As far as athletics, Horton said this past weekend East Coweta High School won the 7A softball state championship.
“That’s a big accomplishment in any year,” Horton said. “I’m here to tell you today, just being able to have a fall athletic season, in and of itself, has been a huge accomplishment.”
Horton said COVID-19 is going to be around for a while in the school setting.
“Now it’s really about managing COVID,” Horton said. “It’s about communicating effectively with our stakeholders about COVID.”
He said over the summer, there were a lot of unknowns about COVID-19 and how it would affect schools.
“The first question was, ‘Can you even have school safely?’” Horton said. “When you go to school, what’s going to happen?”
Horton said when planning the school year at the beginning of the summer, the school system had every intention of starting school face-to-face on Aug. 6. He said every meeting and discussion they had was with that goal in mind.
He said over the summer, he was alarmed by how COVID-19 cases were going up in the community. Horton said he began to talk to the health department and hospital about cases going up and what their models looked like going into August.
“Remember, we didn’t know a lot about the virus and how it could potentially affect a school community at that time,” Horton said.
He said the school board, on his recommendation, voted to start the school year virtually.
“Here’s the why behind that decision,” Horton said. “I didn’t want to be, as the new superintendent, the first system to jump out and be the test case for what may happen when we open the schools in the era of COVID-19.”
He said he felt like the best thing to do for the safety of students and staff was to implement a phased approach to in-person instruction. Horton said they were able to learn a lot from the experience of other school systems.
Horton added that in the face of so many unknowns, they wanted to provide parents with as much flexibility as possible. One of the things the school system has done is to allow parents the flexibility to change their child’s instructional model.
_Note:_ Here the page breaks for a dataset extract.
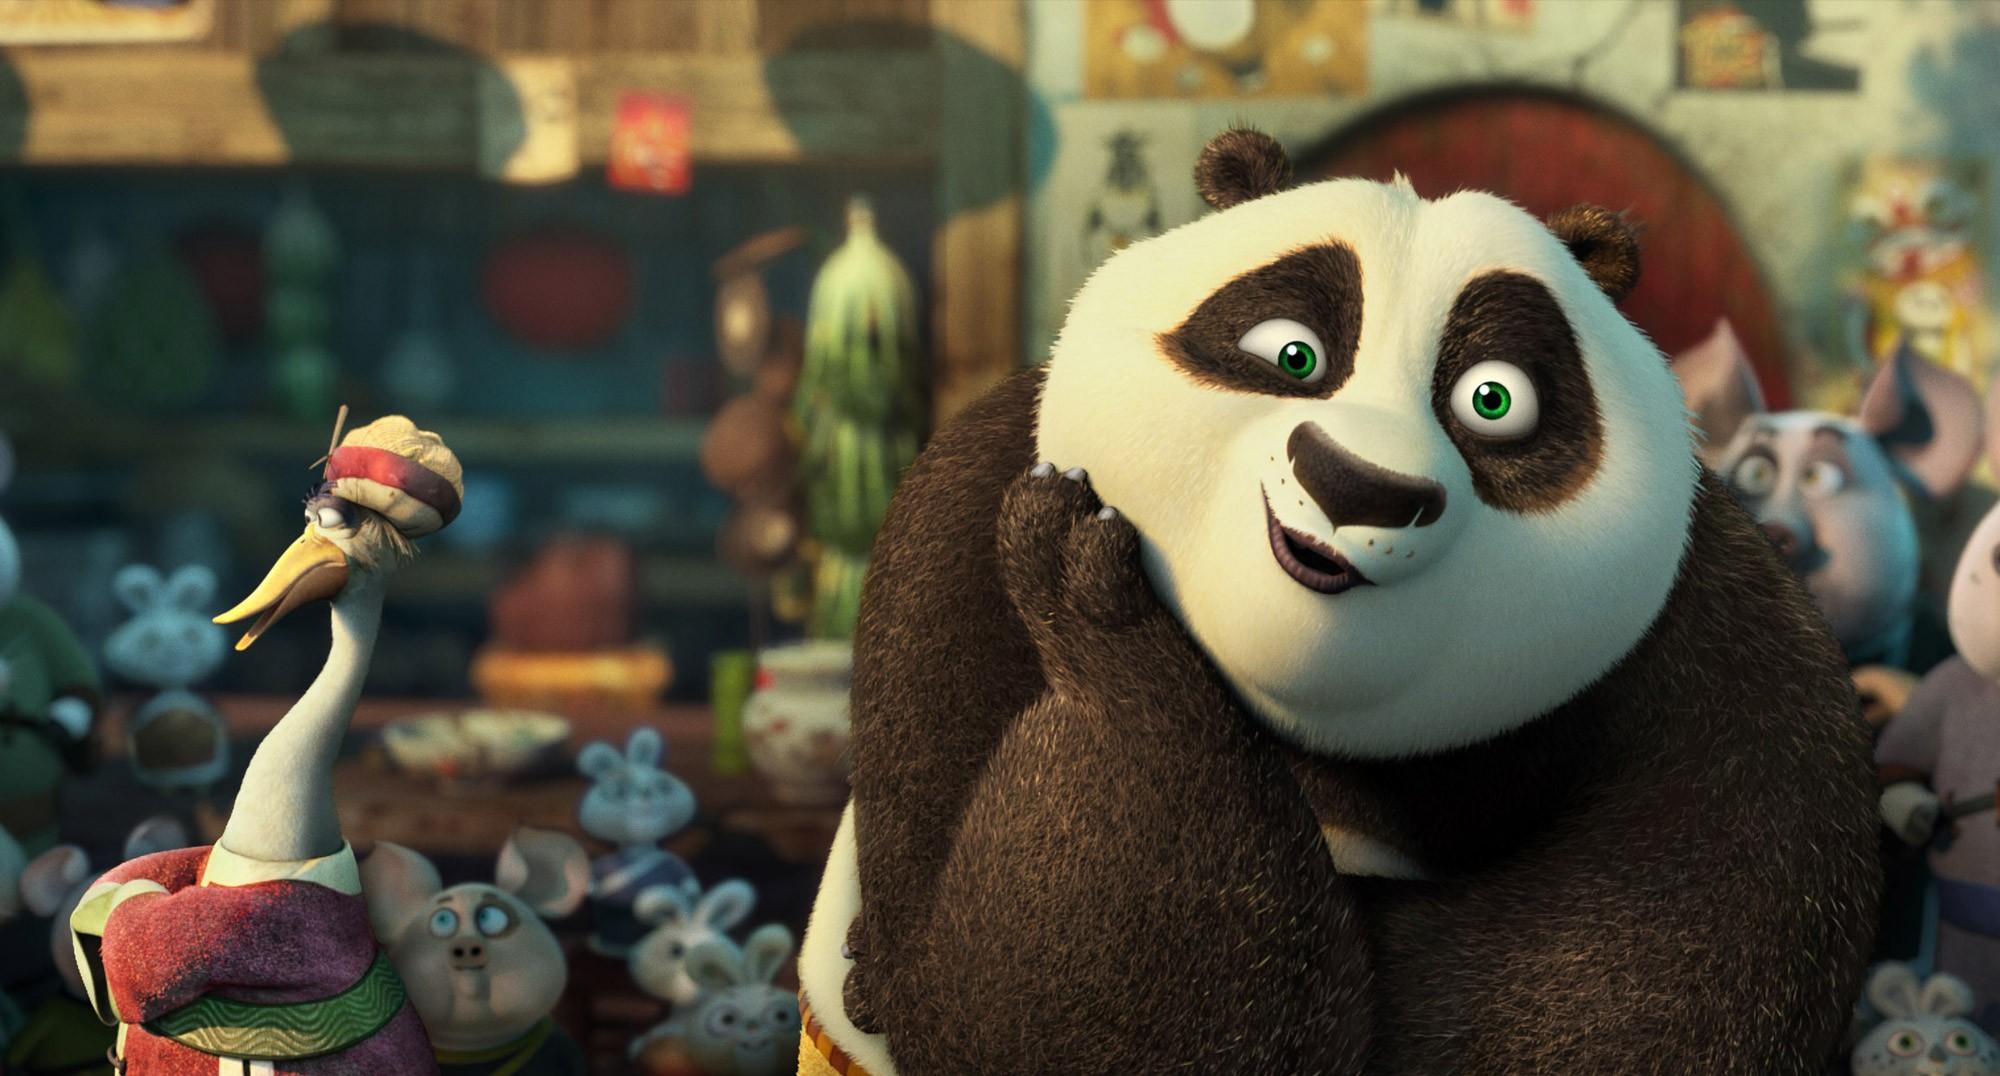 Kung fu panda 3 film gallery

“As of today, every student in the Coweta County School System that wishes to be face-to-face for in-person instruction is back,” Horton said.
He said looking back to March 12, that’s a great success.
“It’s all been accomplished by staff and leadership that wanted to put students first to provide as much flexibility as possible to be able to allow people to make choices regarding how they want to keep kids safe in the middle of a global pandemic,” Horton said.
He said COVID-19 cases are here to stay, and they have cases in the district every week. Horton said they decided early on that they wanted to be transparent about COVID-19 cases. The district’s COVID-19 dashboard is updated daily at www.cowetaschools.net .
What’s on the horizon
Horton said they will start the process of staffing Blake Bass Middle School at the end of this year or beginning next year.
He said they will also be examining enrollment changes because of COVID-19. Across the state, Horton said kindergarten and first grade enrollment is trending downward due to COVID-19, while middle school enrollment is even, and high school is trending up.
Horton said there will be some budget uncertainty because they aren’t sure what the long-term impact of COVID-19 will have on the school system’s budget.
After having to postpone graduation for the class of 2020, Horton said all three high schools will have graduation ceremonies for those students on Dec. 16.
Horton said despite the challenges of this year, good things are still happening in the school system.
“The sky's the limit, and good things are going to happen for our school system,” Horton said. “We’re going to manage the other stuff; we’re going to manage the pandemics and the tropical storms.”
“We’re going to keep teaching and learning and keep students at the forefront of every decision that we make,” Horton added.